Records from a data collection:

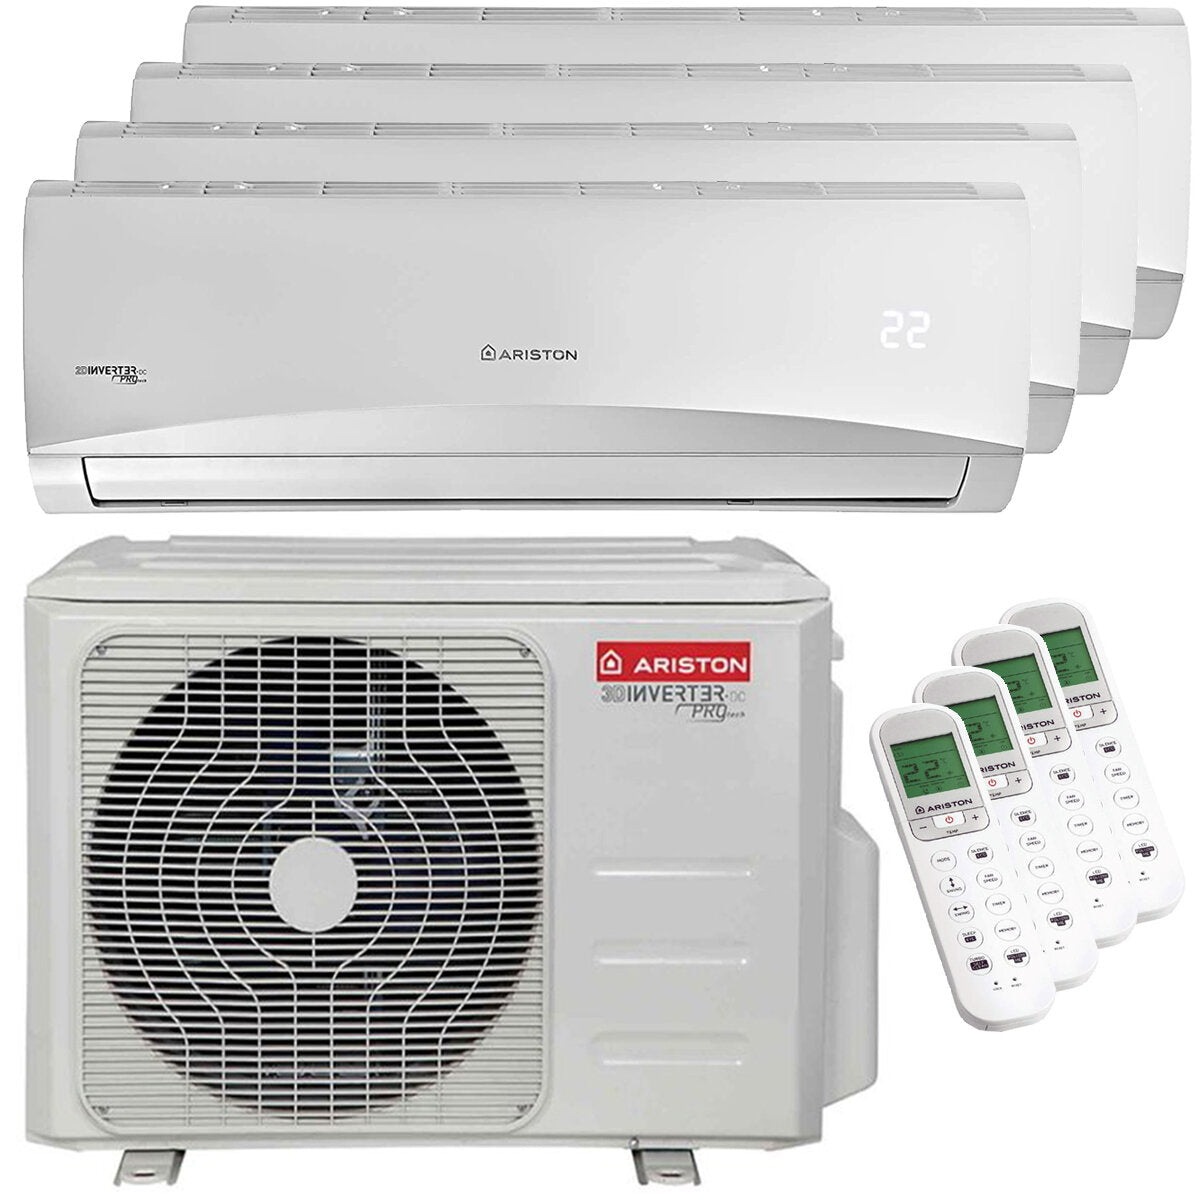 Ariston PRIOS R32 quadri split air conditioner 12000 + 12000 + 12000 + 12000 BTU inverter A ++ outdoor unit 10.6 kW
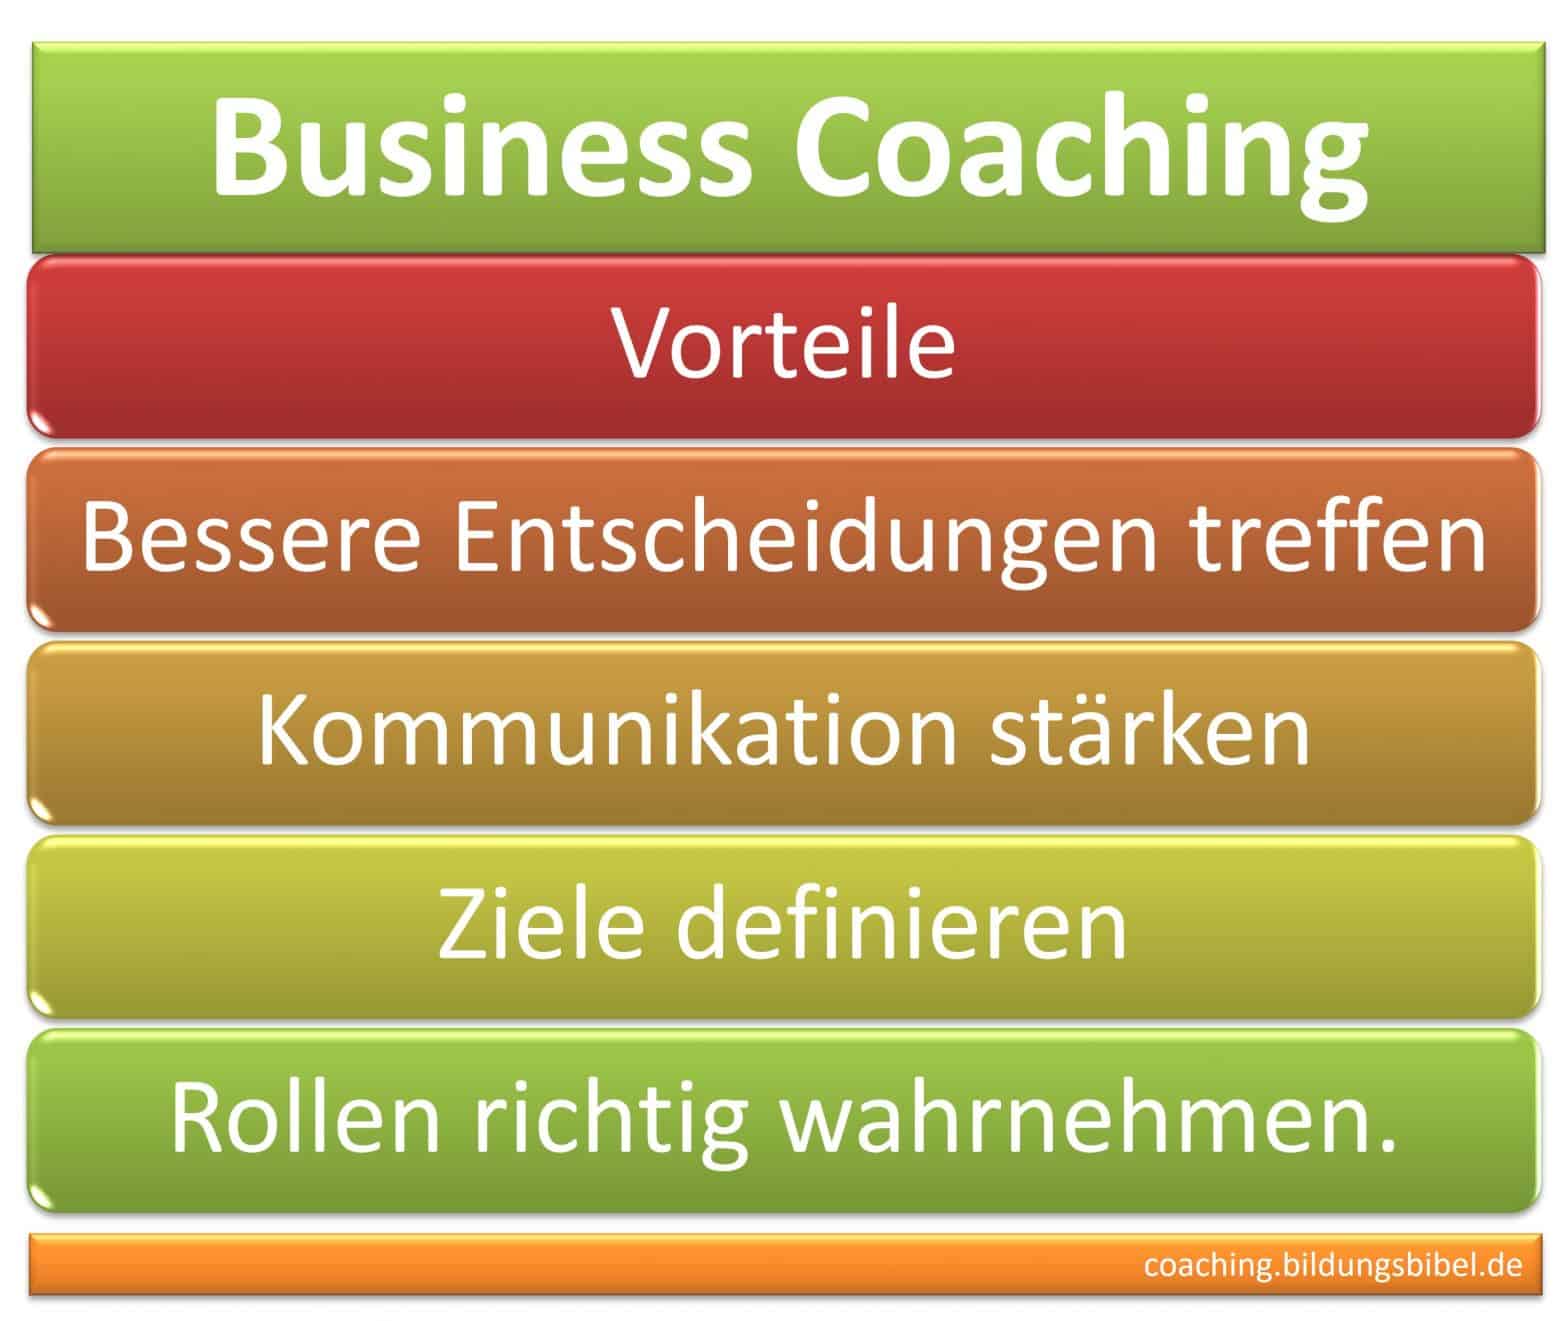 Business Coaching, Vorteile, bessere Entscheidungen treffen, Kommunikation stärken, Ziele definieren und Rollen richtig wahrnehmen.
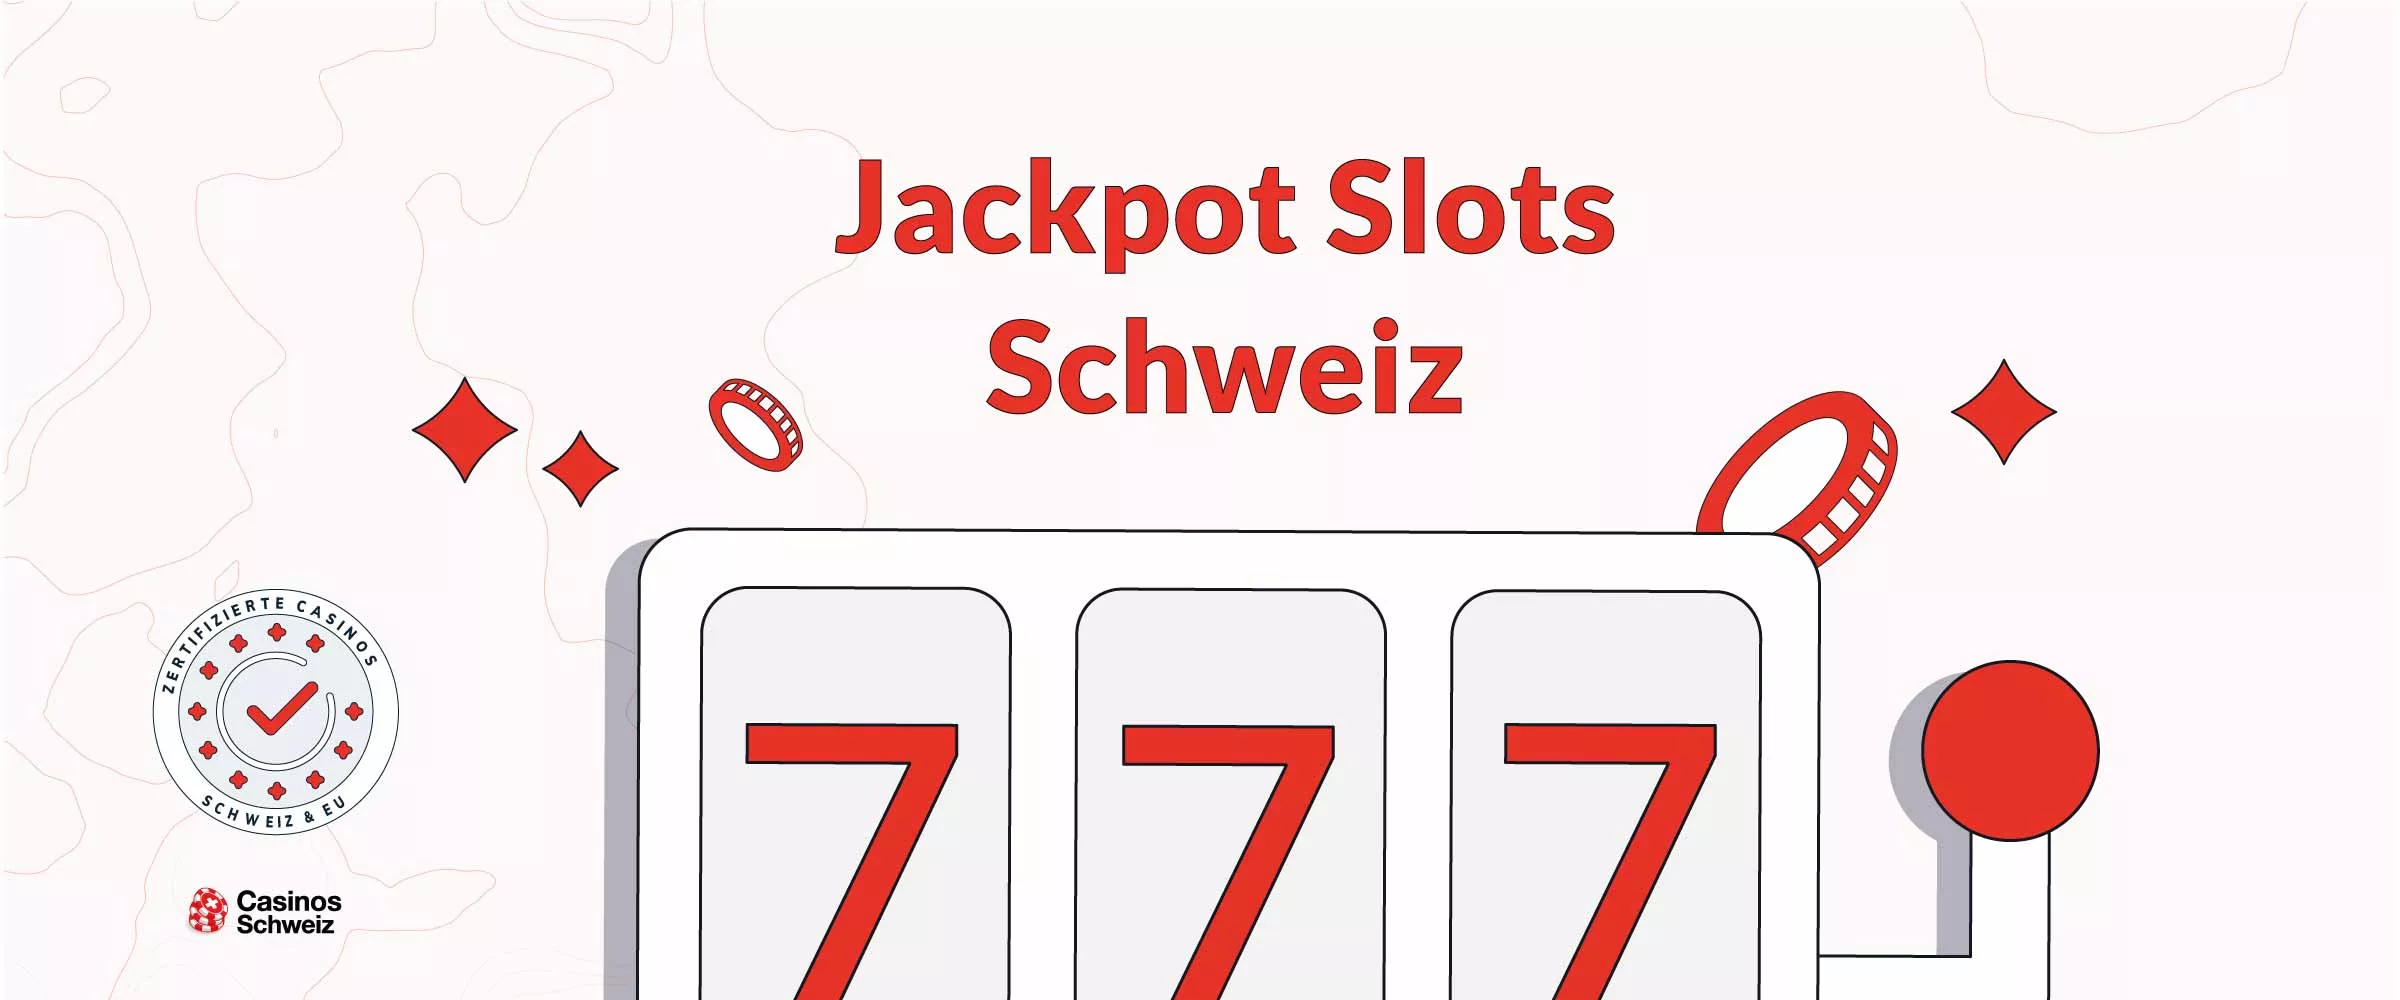 Jackpot Slots Schweiz 
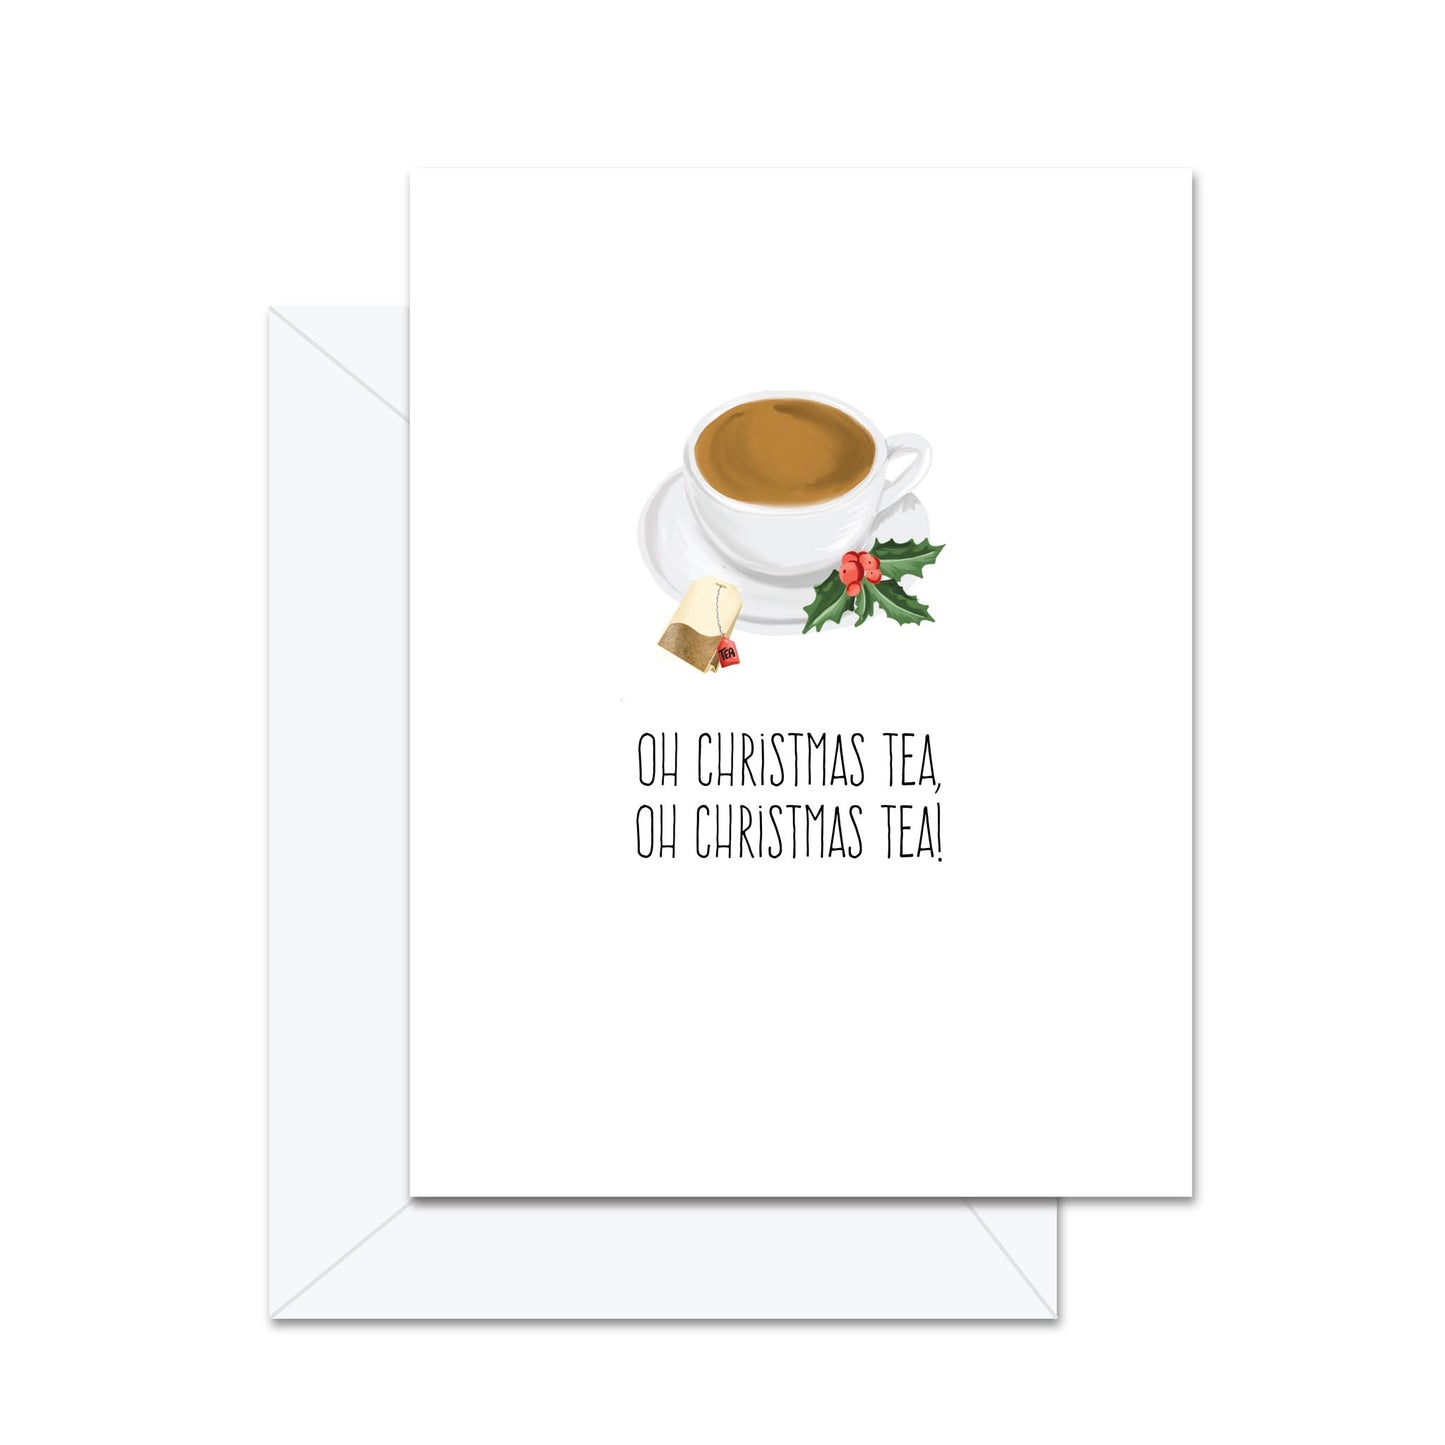 Oh Christmas Tea, Oh Christmas Tea - Greeting Card
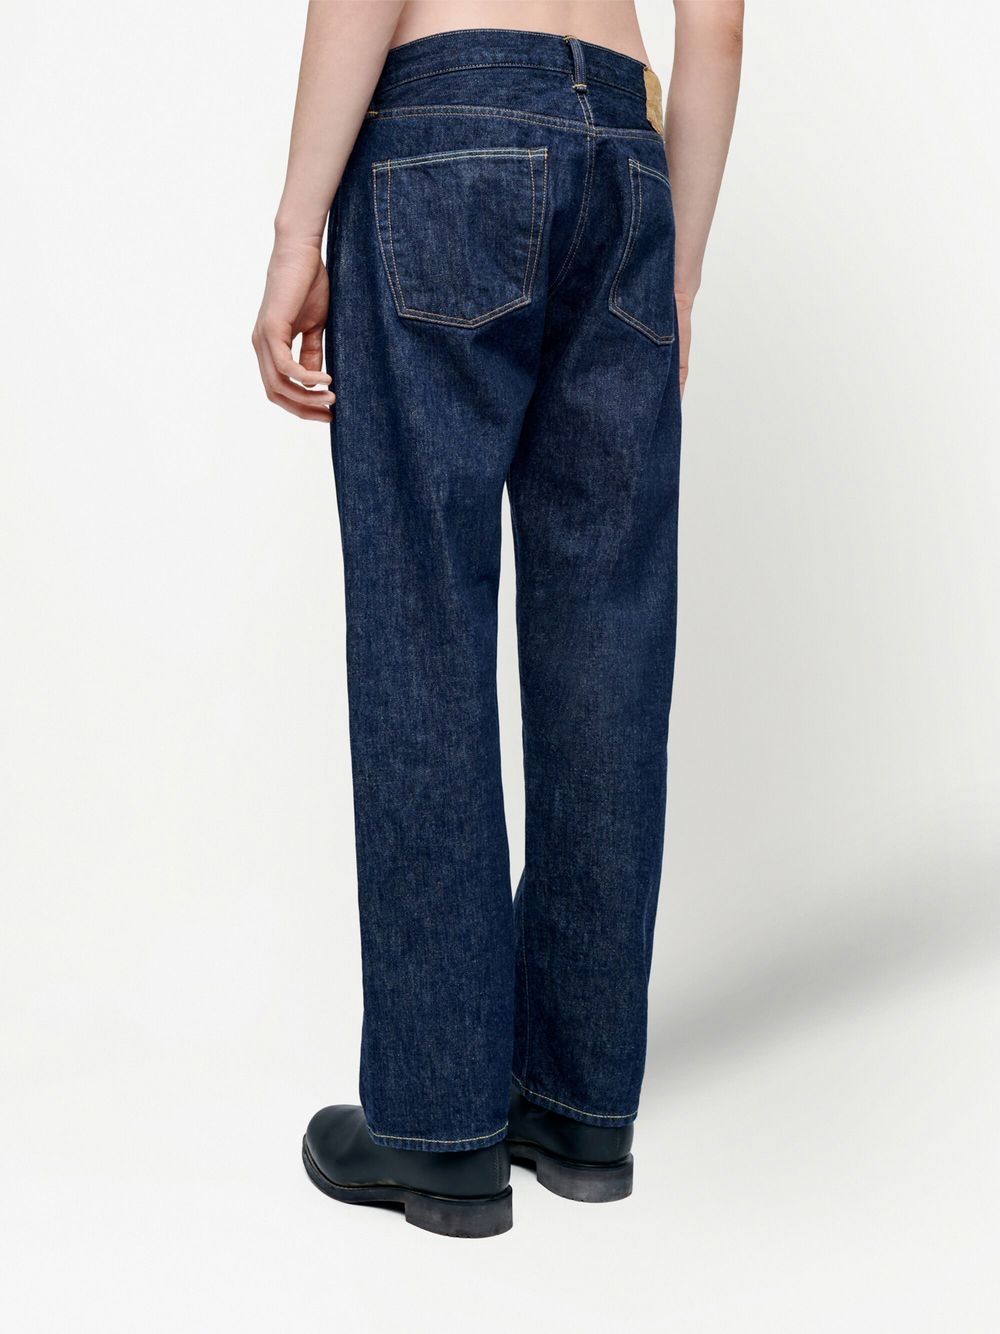 50年代复古风直筒牛仔裤

Aim of the task: Word-for-word restatement: every line from the one with "Jackpot Slots Schweiz" through the final line of the data, both ends included, pictures excluded.

Result for this exercise:
 Jackpot Slots Schweiz 
 Oh Christmas Tea, Oh Christmas Tea - Greeting Card
 50年代复古风直筒牛仔裤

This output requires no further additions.